A vitória por decisão unânime (29-28, 29-28 e 30-27) na co-luta
principal do UFC 208,
no Brooklyn, em Nova York, levou o brasileiro a quebrar um jejum de
quatro anos e quatro meses e o recolocou no caminho trilhado desde o
início de sua trajetória na modalidade.
Anderson
pareceu se divertir no octógono e, antes mesmo de ouvir seu nome ser
anunciado como vencedor, sentou-se ao lado do adversário e o abraçou.
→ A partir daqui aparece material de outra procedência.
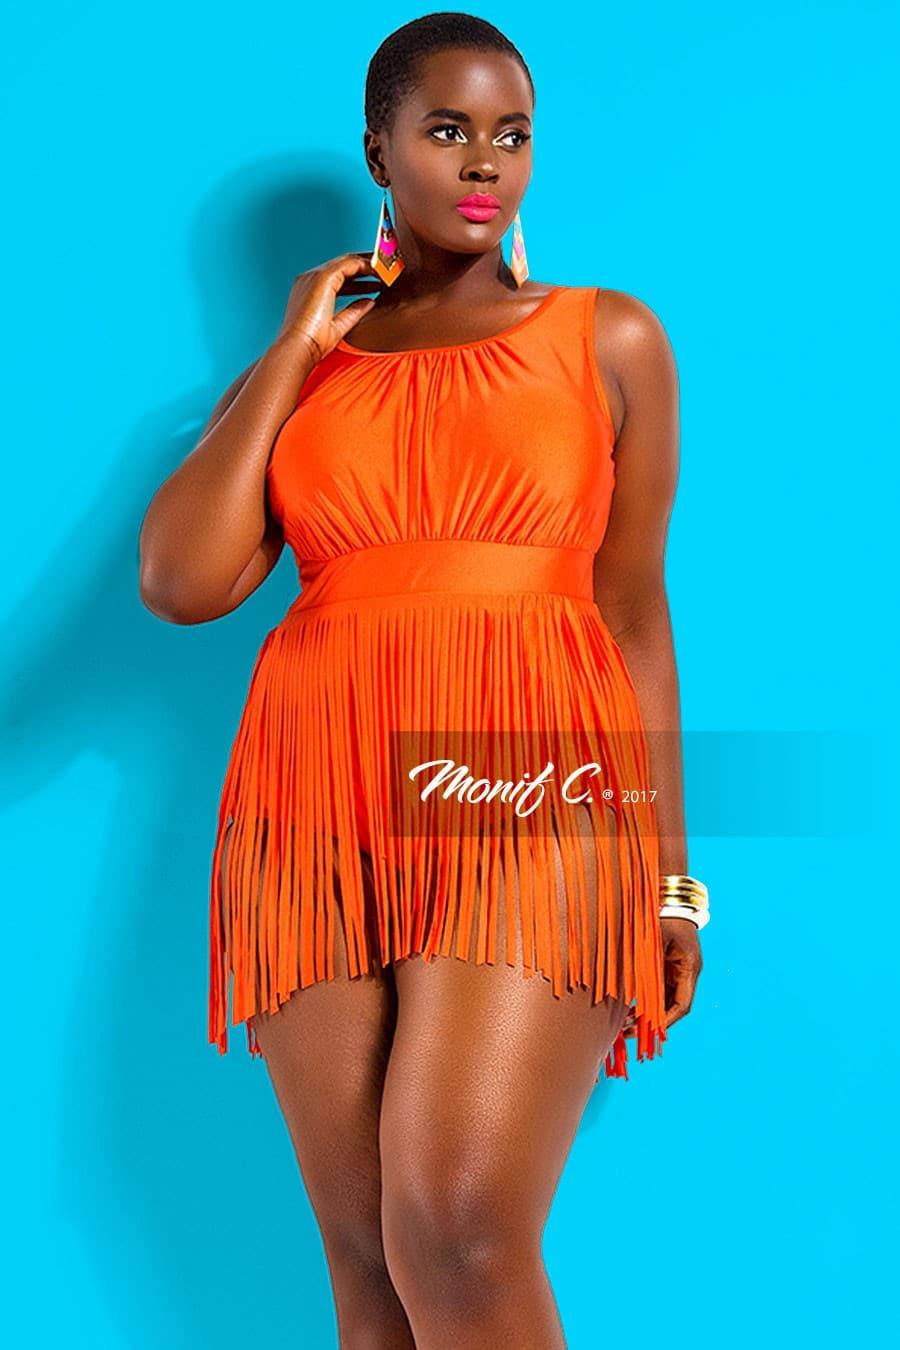 Peru Fringe Skirt Plus Size Swimsuit from Monif C.

Quando Bruce Buffer anunciou o resultado final, o brasileiro se
emocionou, talvez, em um misto de felicidade e alívio. Ele abraçou os
treinadores e se esforçou para falar ao ver o público de pé nas
arquibancadas do Barclays Center.
- Primeiro de tudo,
obrigado por virem aqui hoje. Muito obrigado ao UFC e aos meus amigos,
minha família e meus
filhos. Primeiro de tudo, Deus. Eu trabalhei muito durante muito tempo
para lutar aqui. Coloco sempre meu coração. Às vezes tenho uma dor nas
pernas, nas costas, às vezes procuro minha família e digo que vou
treinar por três ou quatro meses, e agora quando venho para uma luta,
venho para proporcionar isso a todos e dar o meu melhor. Desculpem, pois
sei que estou muito velho para lutar, todo mundo aqui é mais novo, mais
forte, mas eu fiz isso aqui com o meu coração. Quando
eu venho aqui dentro do octógono, coloco toda a minha vida aqui dentro.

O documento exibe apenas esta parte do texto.